#### Assignment
Every record below should be printed exactly, except for the pictures.

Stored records

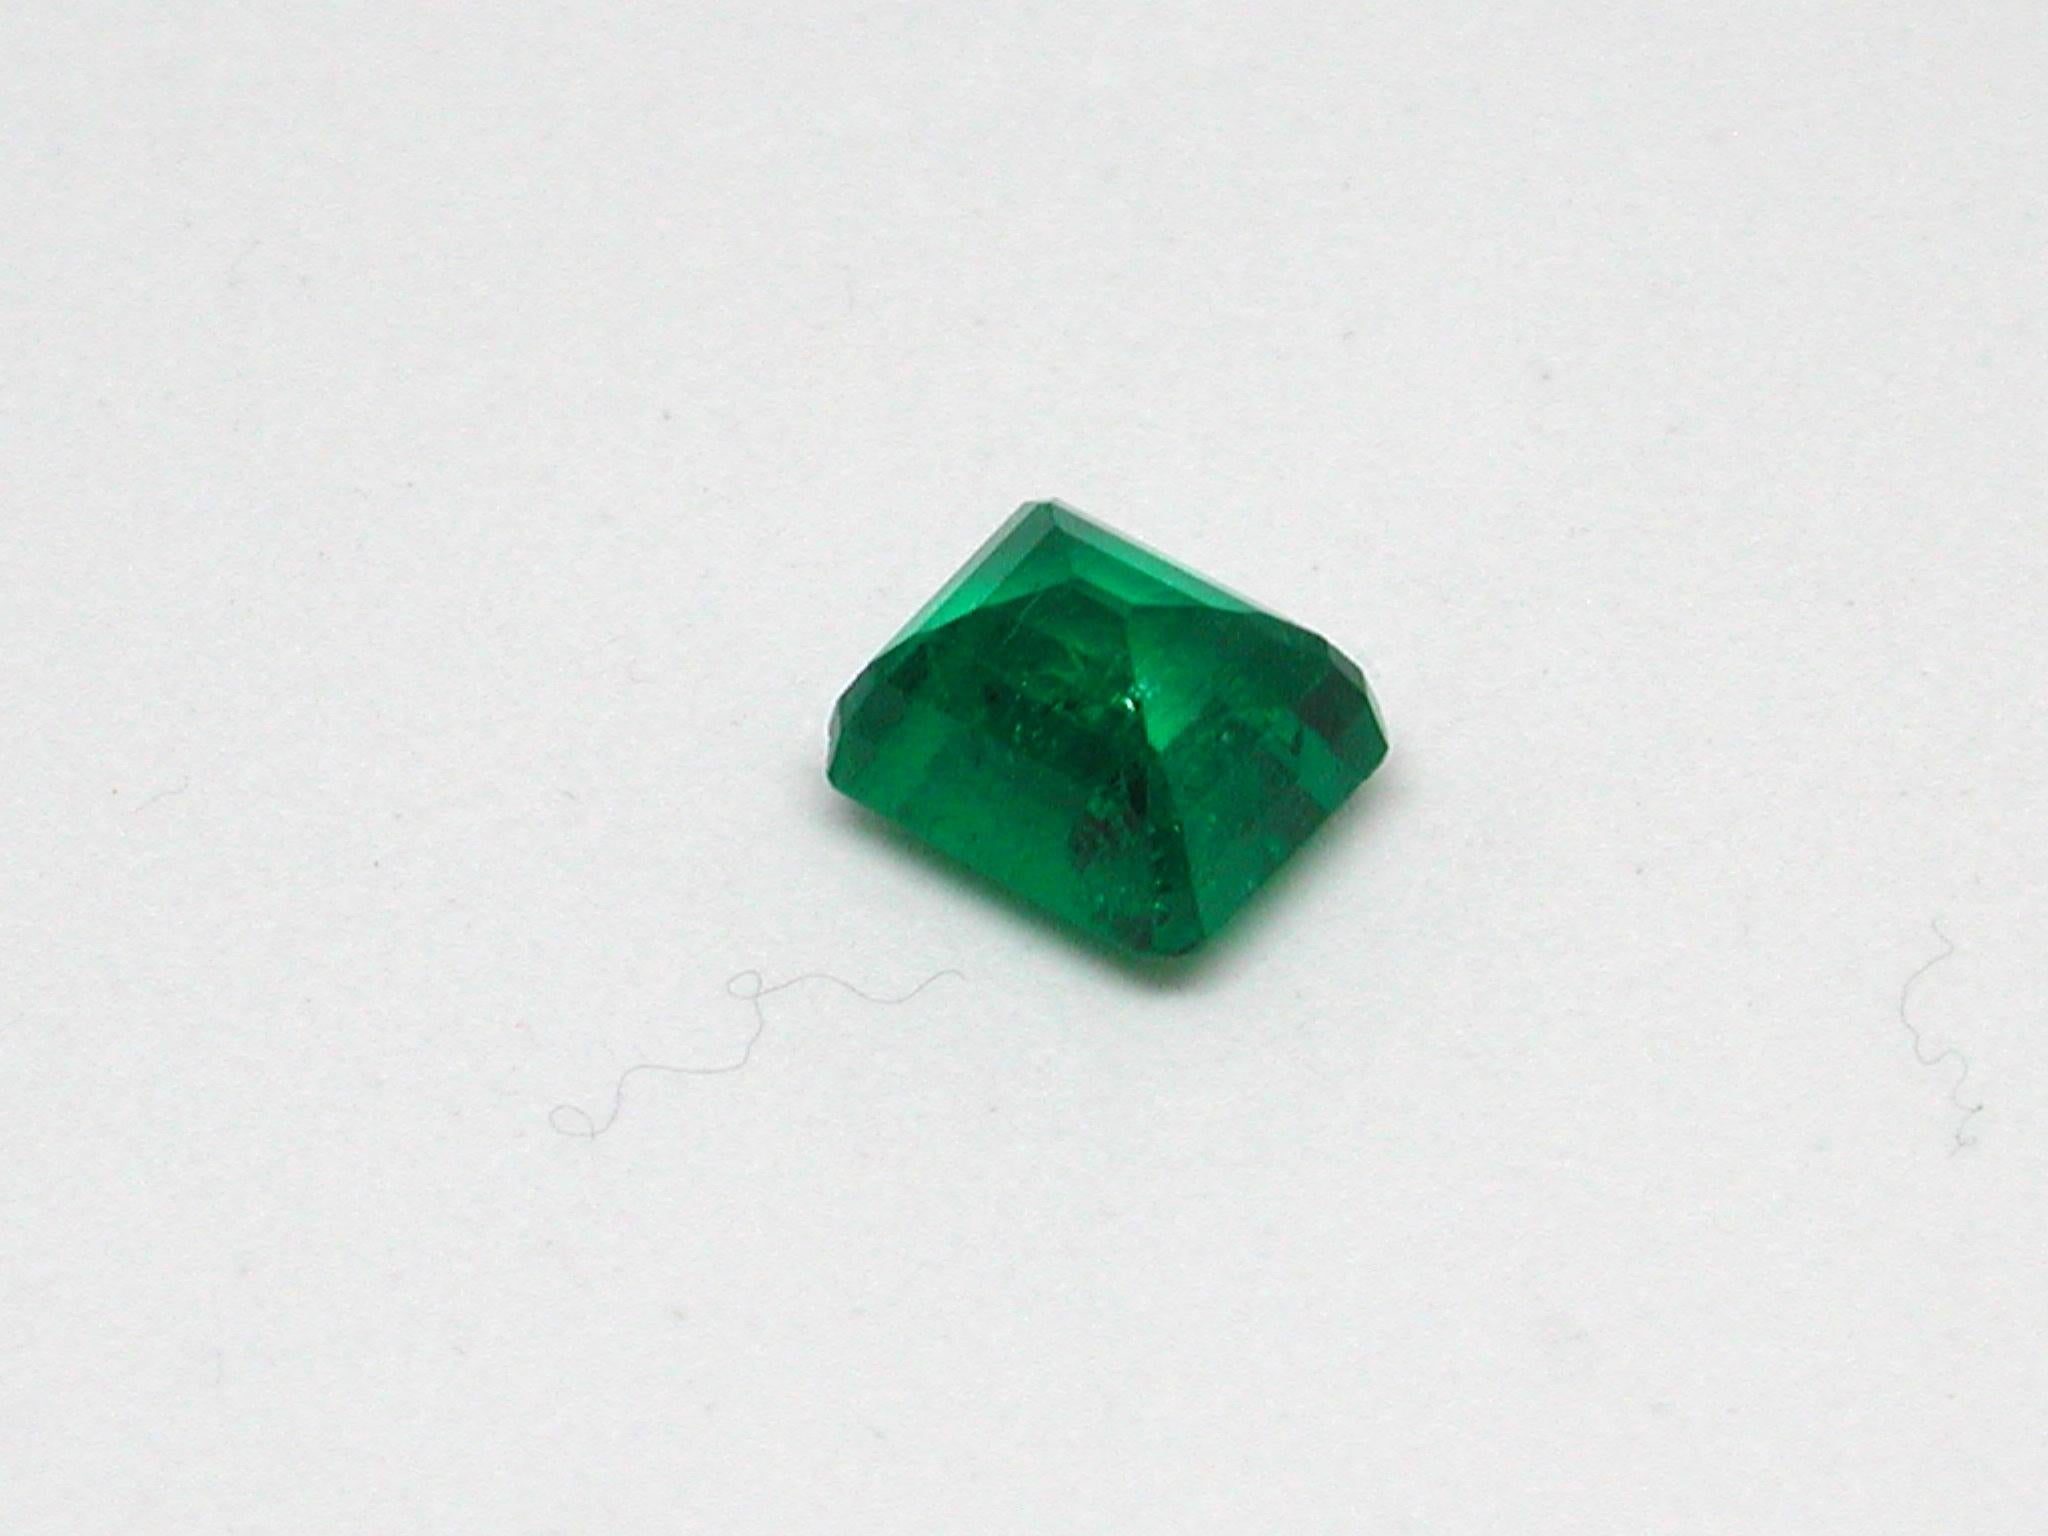 IGI Certificate Number: F5F48375
Weight: 10.42ct. 
Shape and Cut: Emerald
Color and Transparency: Green, Transparent
Fine Color Quality
Origin: Colombia
Enhancements of Emeralds are common practice
Please see certificate for more details
Shipping:
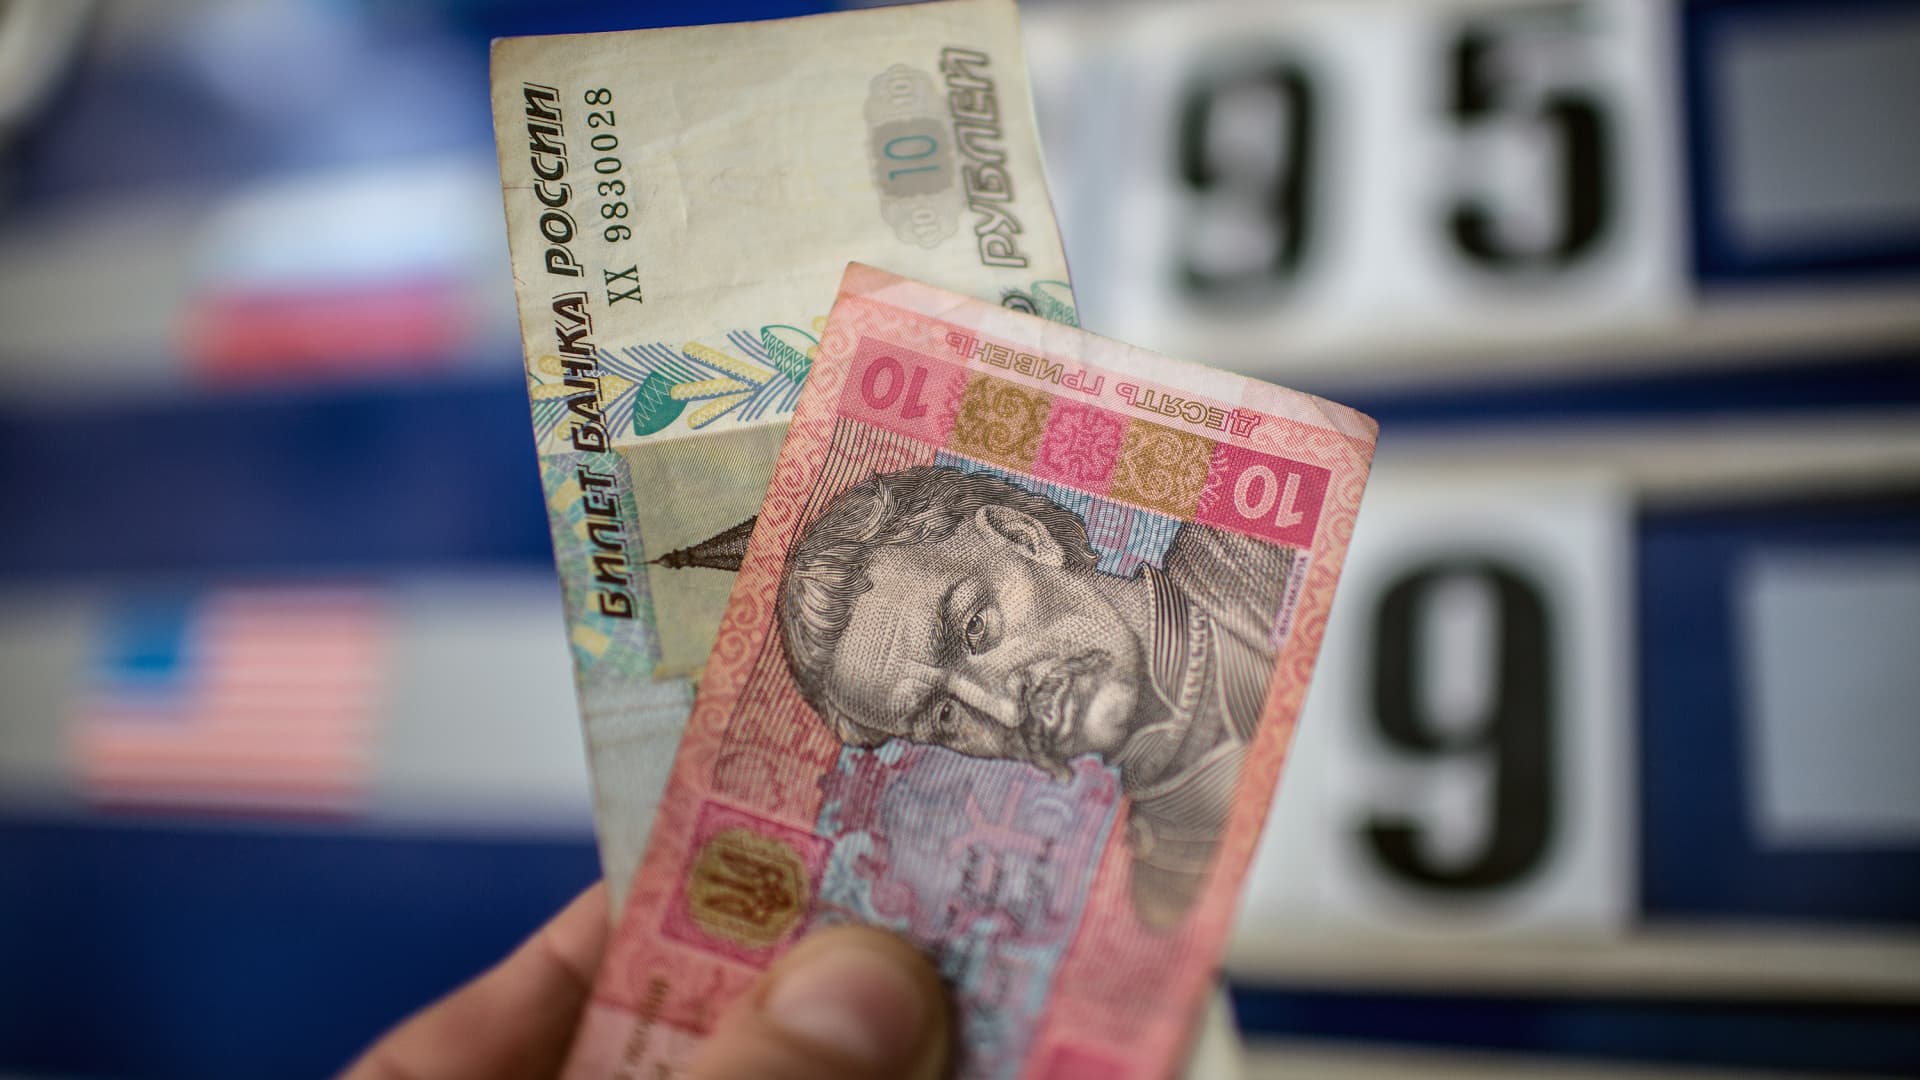 A man holds up Russian ruble and Ukrainian hryvnia notes on 18 March 2014.
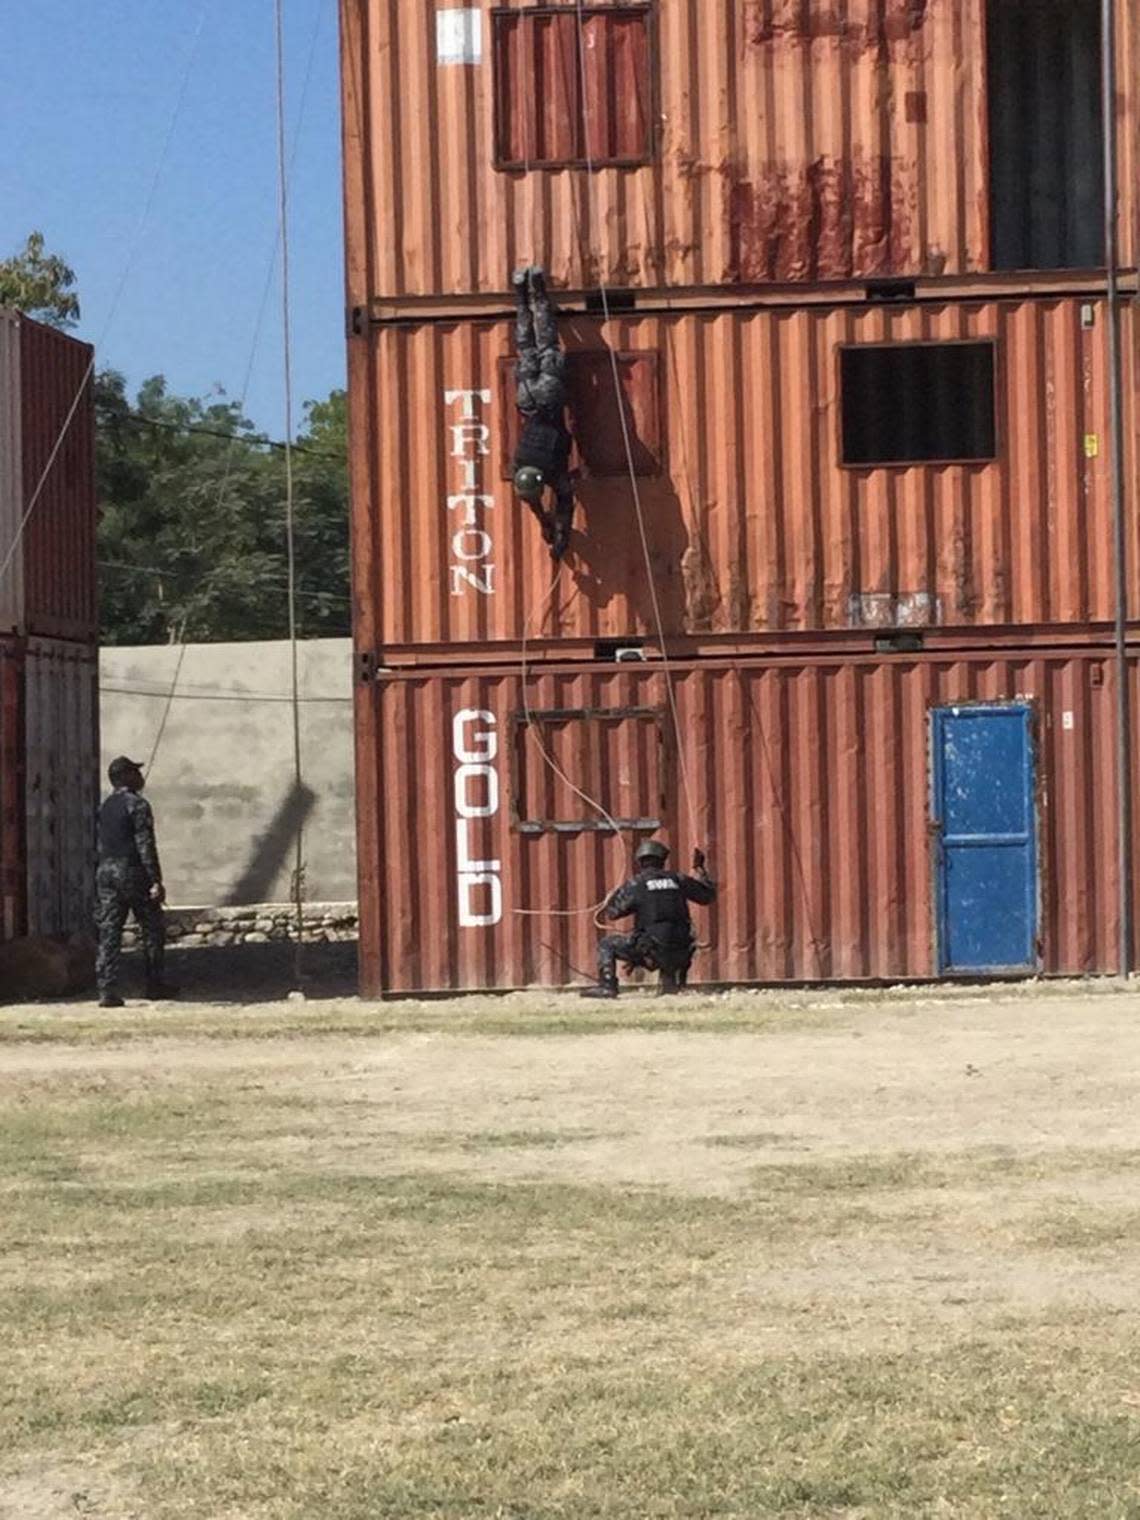 The United States is helping the Haiti National Police train new SWAT officers in the country. The group recently showed off its skills for the head of the Bureau of International Narcotics and Law Enforcement Affairs, Todd Robinson, during a January 2023 visit to Port-au-Prince, Haiti.

#### Written solution
 IGI Certificate Number: F5F48375
Weight: 10.42ct. 
Shape and Cut: Emerald
Color and Transparency: Green, Transparent
Fine Color Quality
Origin: Colombia
Enhancements of Emeralds are common practice
Please see certificate for more details
Shipping:
 A man holds up Russian ruble and Ukrainian hryvnia notes on 18 March 2014.
 The United States is helping the Haiti National Police train new SWAT officers in the country. The group recently showed off its skills for the head of the Bureau of International Narcotics and Law Enforcement Affairs, Todd Robinson, during a January 2023 visit to Port-au-Prince, Haiti.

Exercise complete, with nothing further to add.